**PROBLEM REQUIREMENTS:**
Exact reproduction of the data is required, with images excluded.

[Excerpts from a dataset]
+--

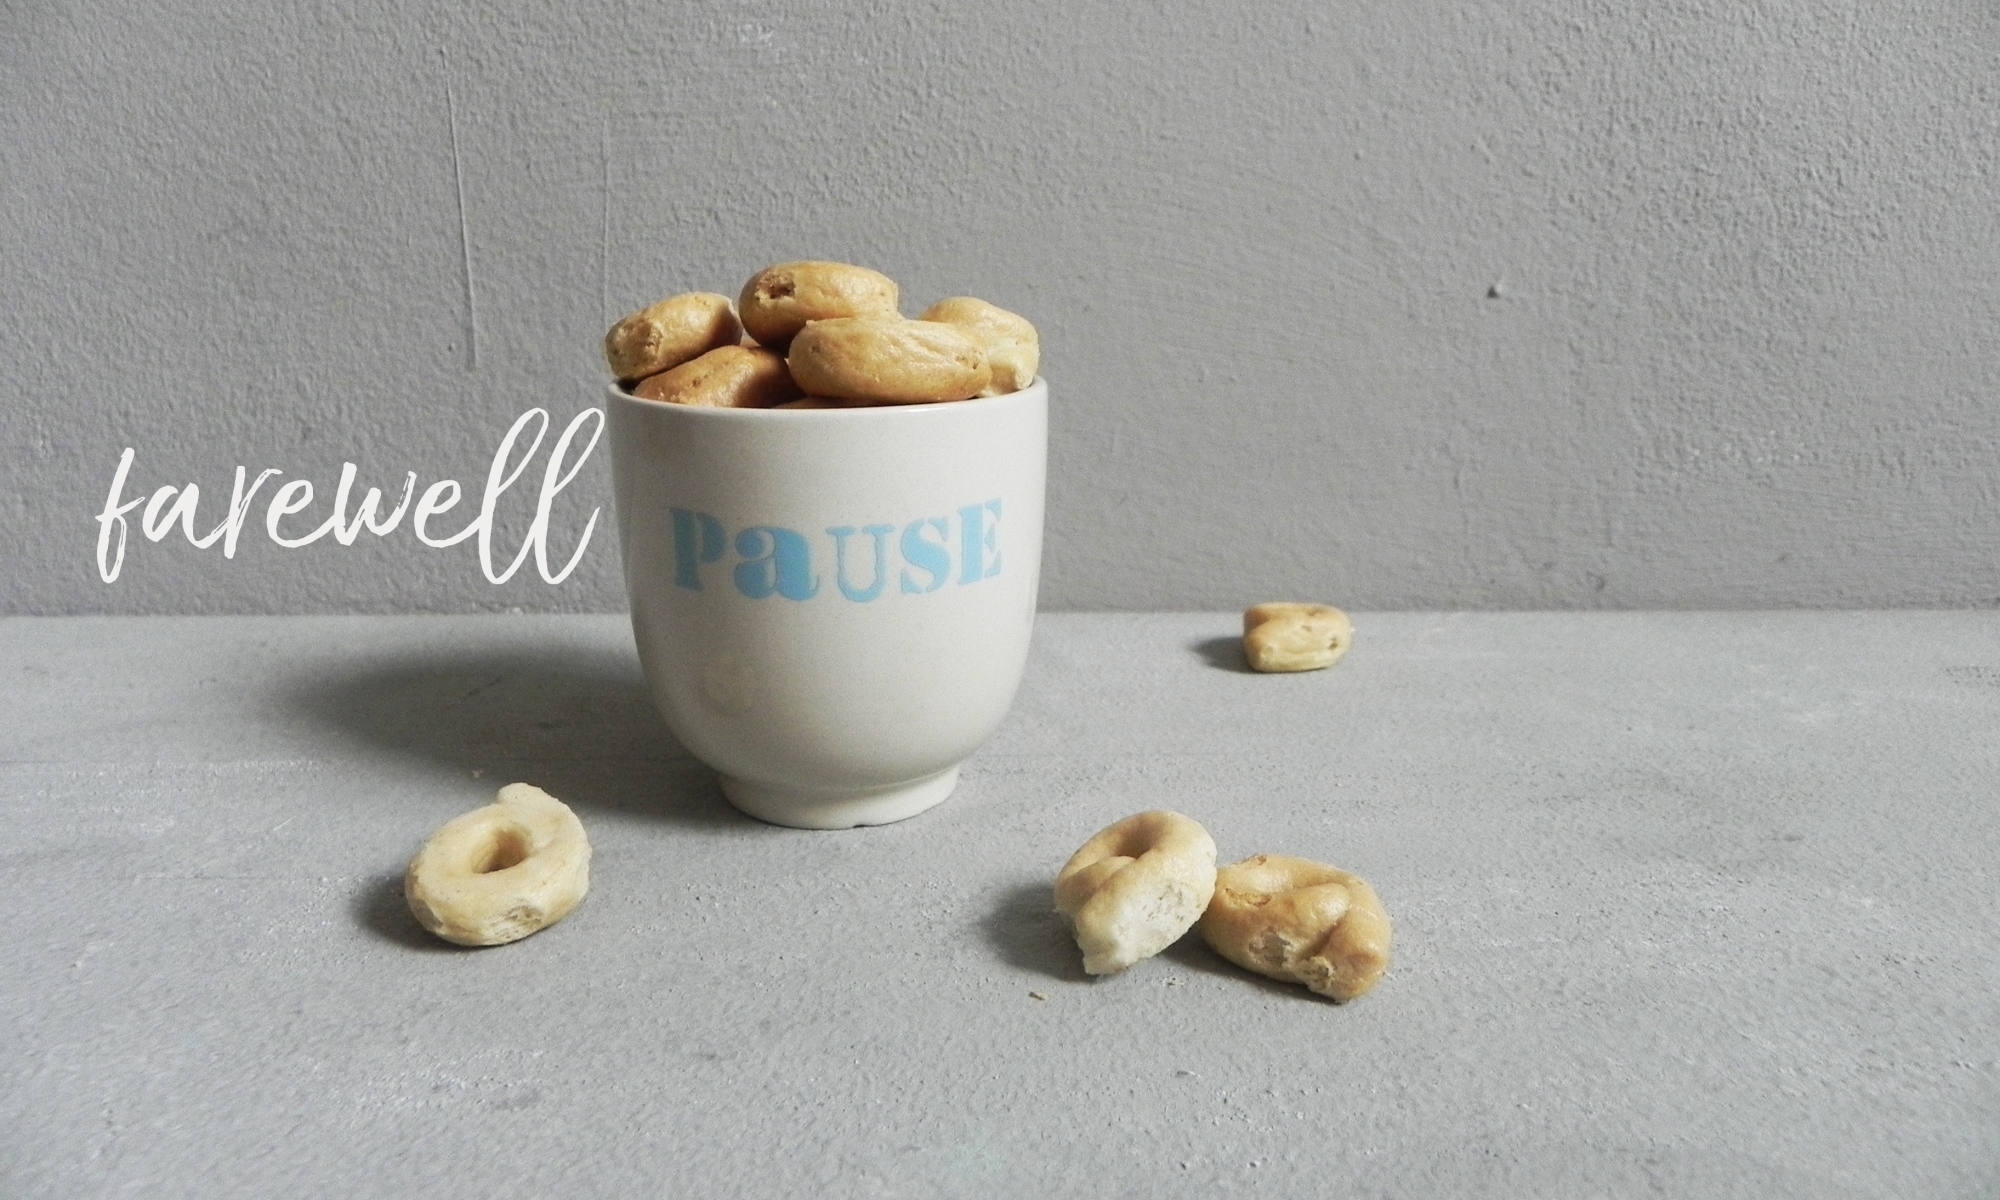 farewell pause, cup filled with Taralli
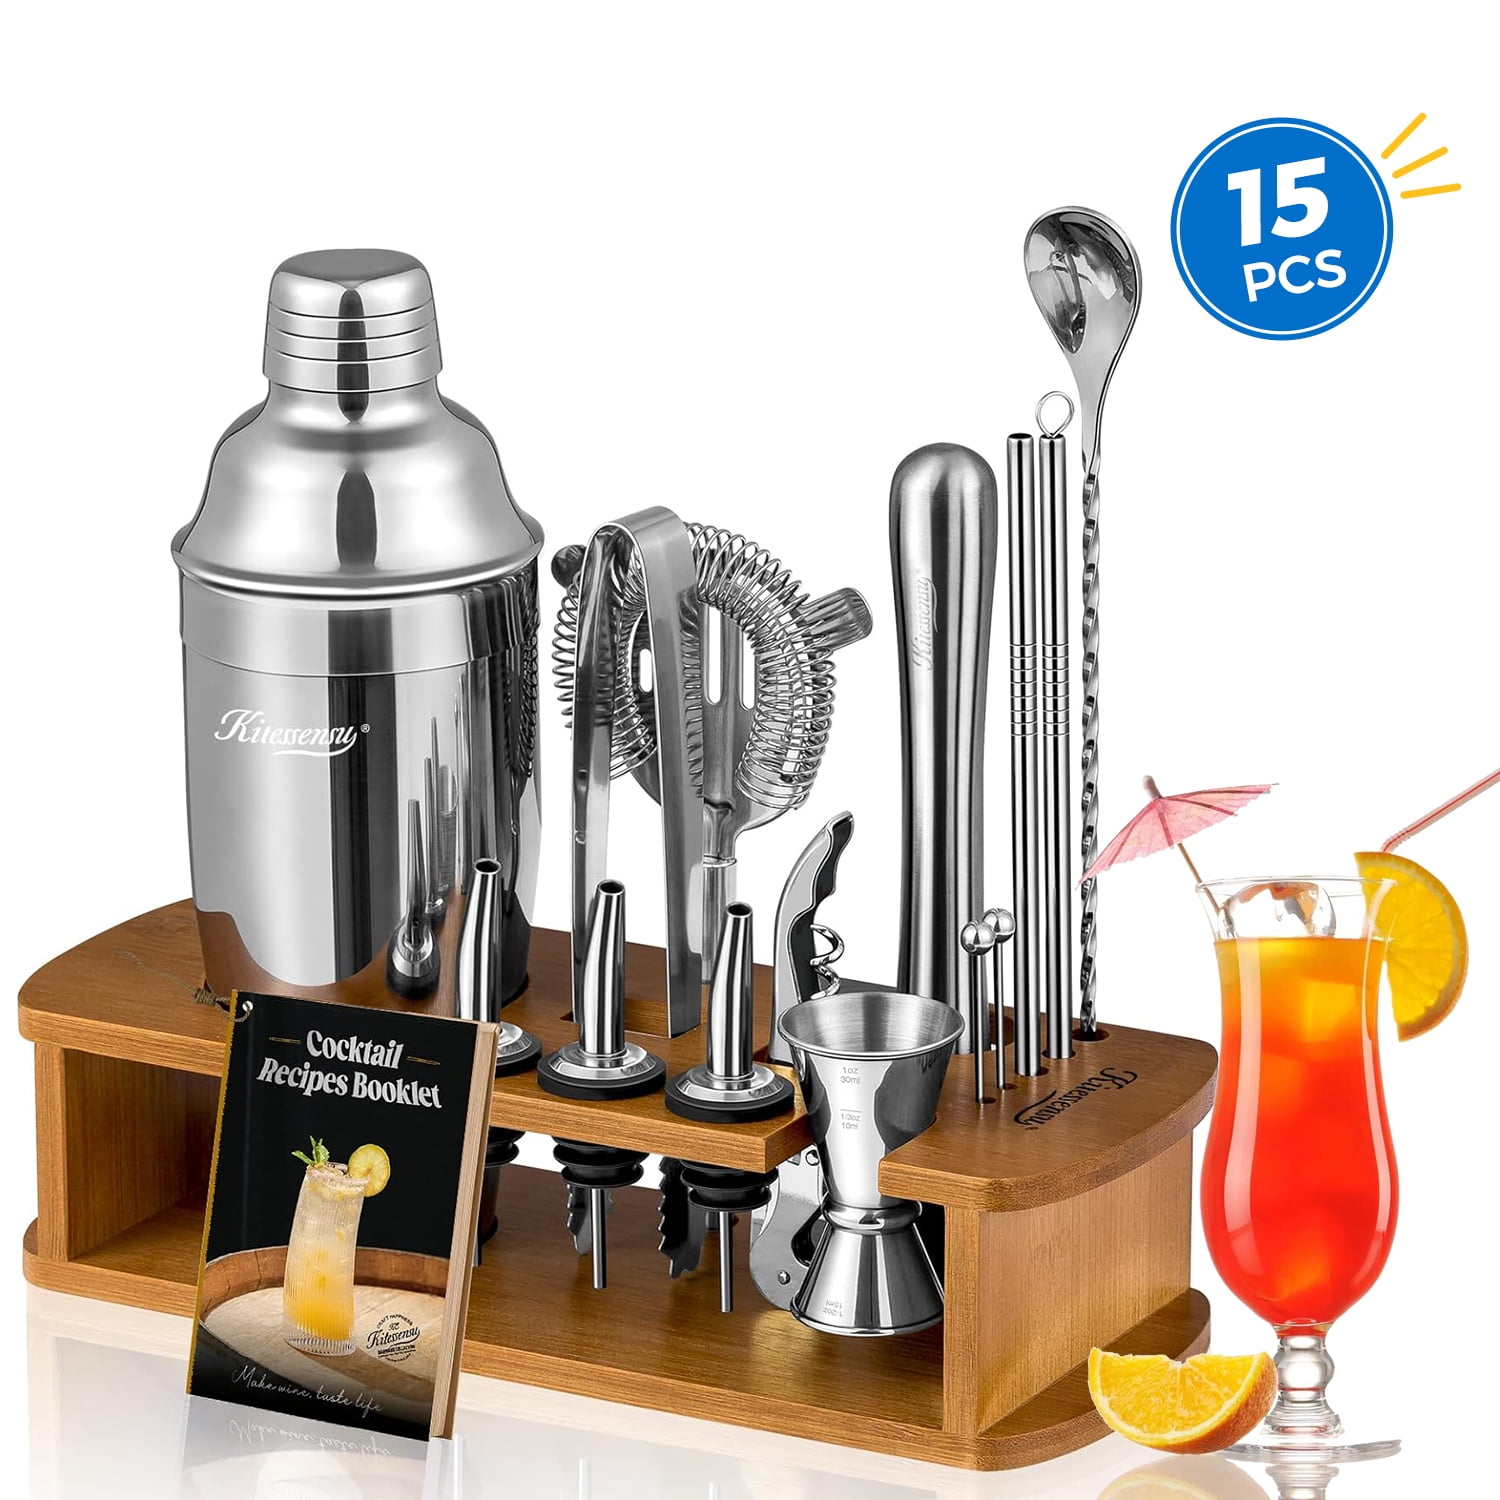 KITESSENSU Bartender Kit, 15-Piece Cocktail Shaker Set with Bamboo Stand,  Drink Mixer Set, Bar Set with All Essential Bar Accessory Tools |Silver
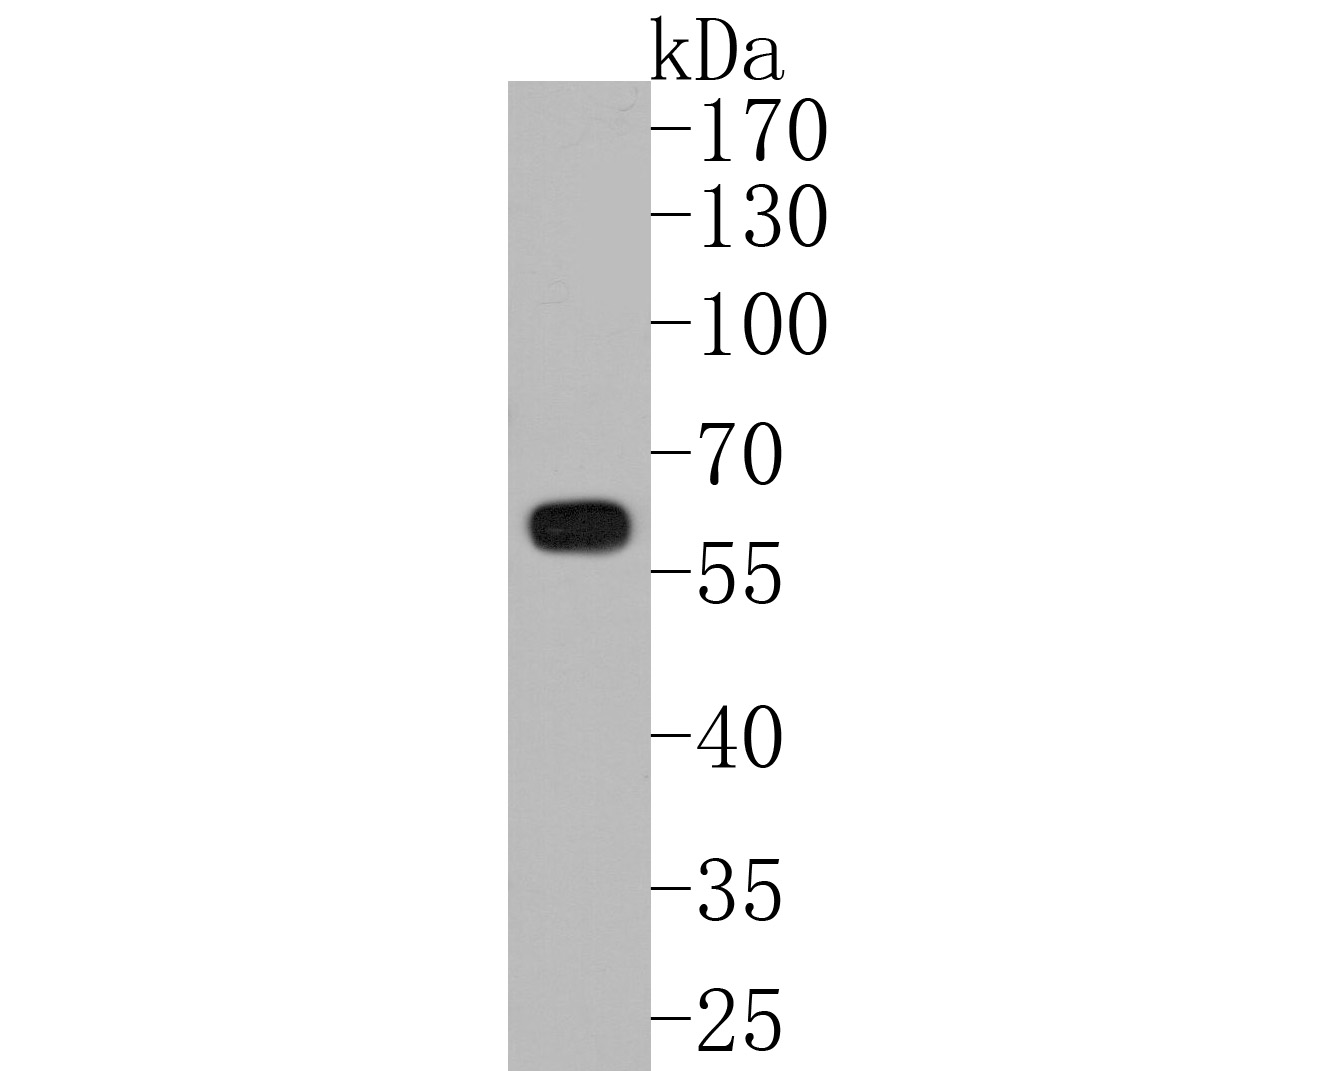 Western blot analysis of IRF5 on THP-1 cell lysates. Proteins were transferred to a PVDF membrane and blocked with 5% BSA in PBS for 1 hour at room temperature. The primary antibody (ET1611-94, 1/500) was used in 5% BSA at room temperature for 2 hours. Goat Anti-Rabbit IgG - HRP Secondary Antibody (HA1001) at 1:200,000 dilution was used for 1 hour at room temperature.
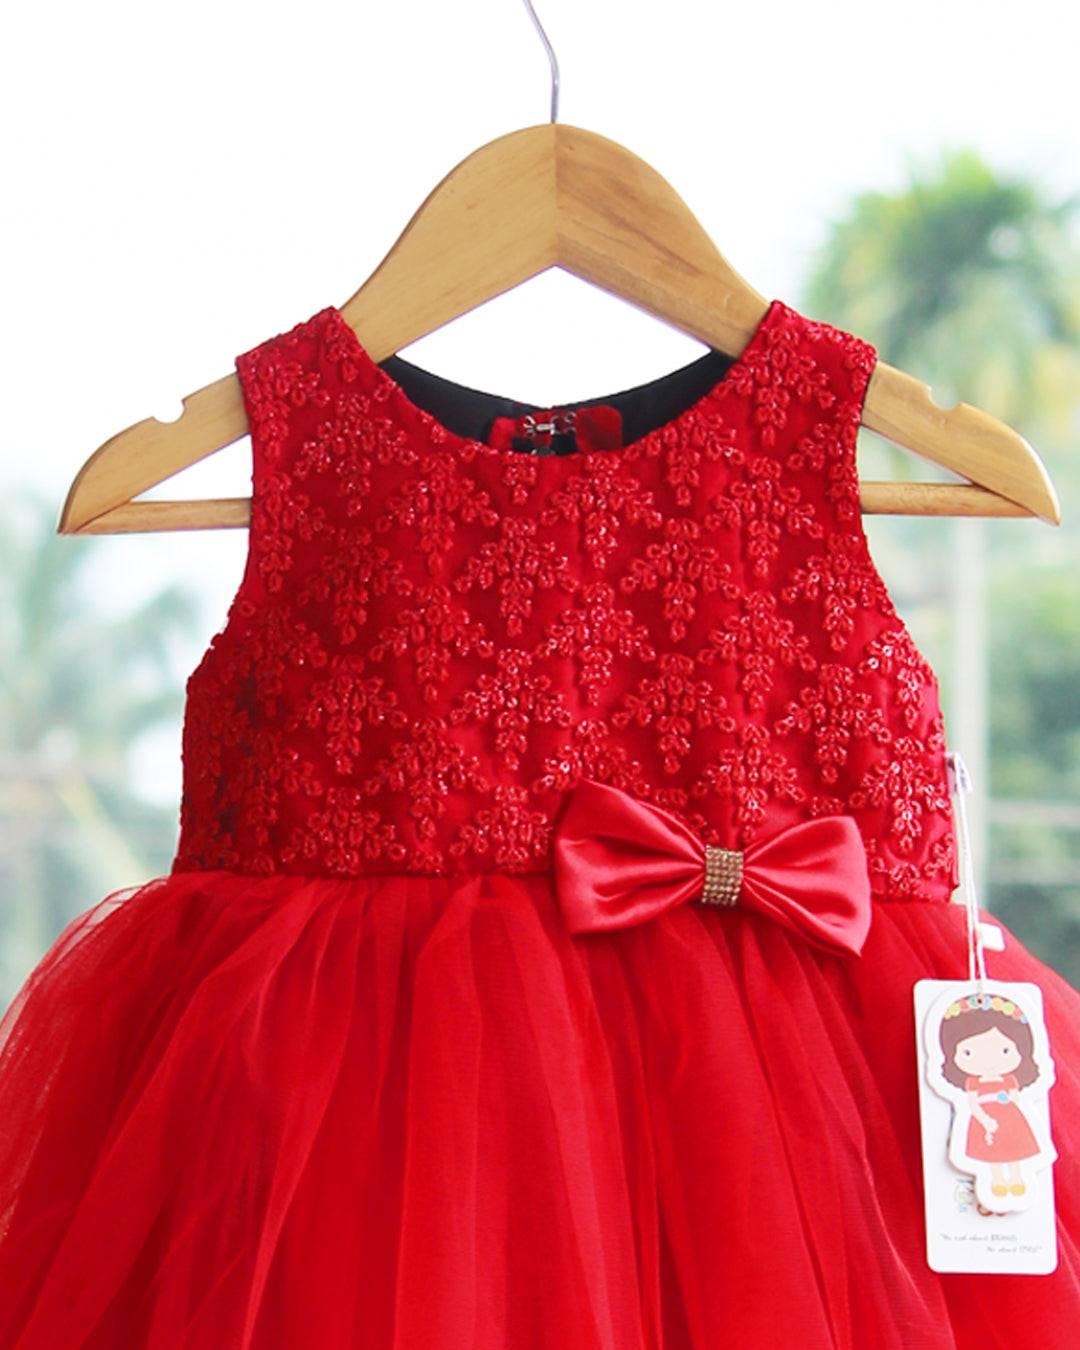 Red Colour Premium Thread Embroidery Frock.
Fabric: Bright Red mono net with premium same colour threadwork detailing on the yoke portion  Beautifully designed outfit for Baby girls with smooth lining for com
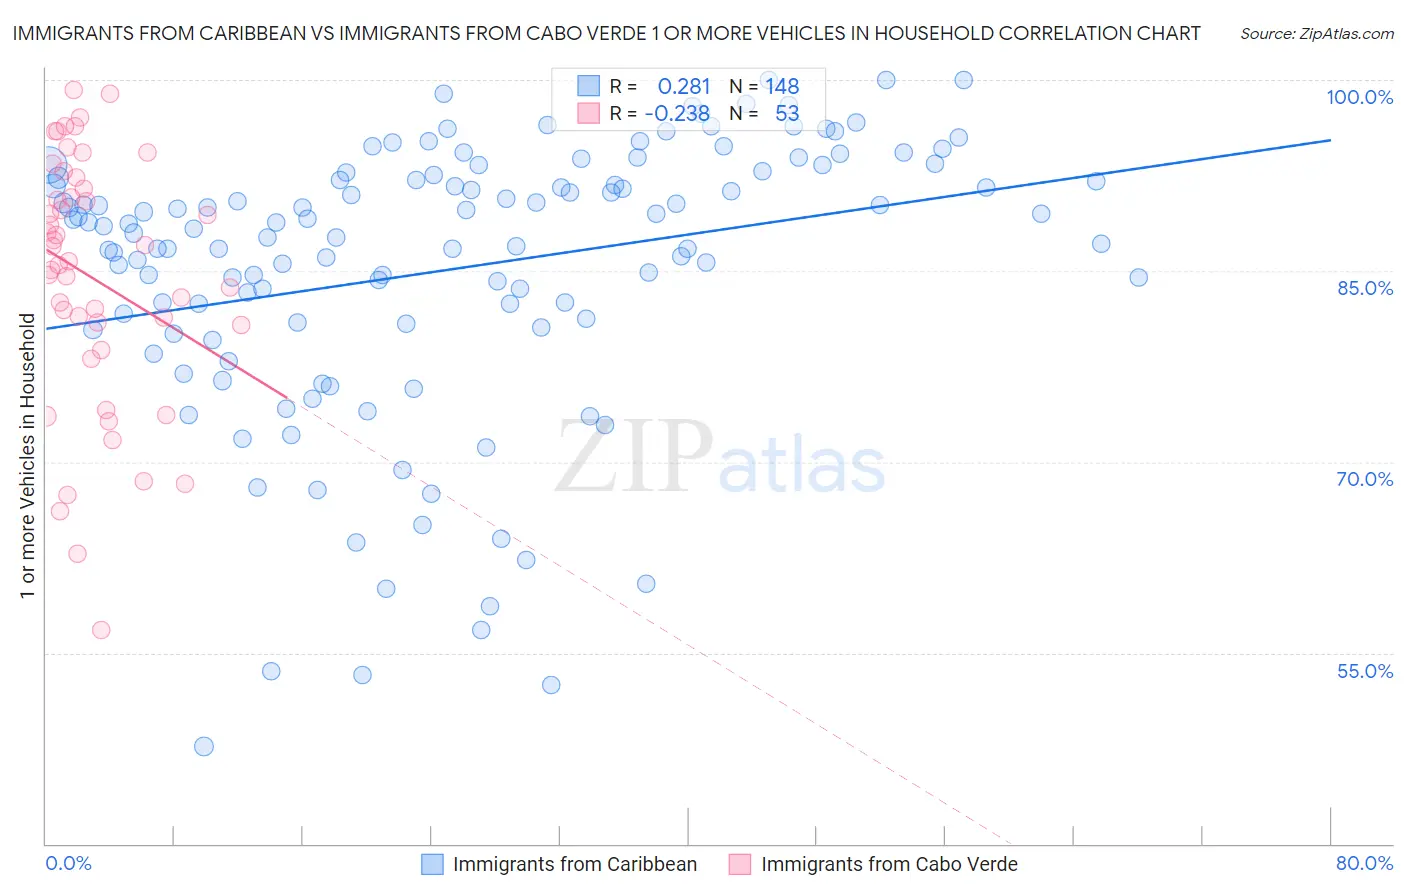 Immigrants from Caribbean vs Immigrants from Cabo Verde 1 or more Vehicles in Household

+--

**RESULT OF THE EXERCISE:**
 farewell pause, cup filled with Taralli
 KITESSENSU Bartender Kit, 15-Piece Cocktail Shaker Set with Bamboo Stand,  Drink Mixer Set, Bar Set with All Essential Bar Accessory Tools |Silver
 Western blot analysis of IRF5 on THP-1 cell lysates. Proteins were transferred to a PVDF membrane and blocked with 5% BSA in PBS for 1 hour at room temperature. The primary antibody (ET1611-94, 1/500) was used in 5% BSA at room temperature for 2 hours. Goat Anti-Rabbit IgG - HRP Secondary Antibody (HA1001) at 1:200,000 dilution was used for 1 hour at room temperature.
 Red Colour Premium Thread Embroidery Frock.
Fabric: Bright Red mono net with premium same colour threadwork detailing on the yoke portion  Beautifully designed outfit for Baby girls with smooth lining for com
 Immigrants from Caribbean vs Immigrants from Cabo Verde 1 or more Vehicles in Household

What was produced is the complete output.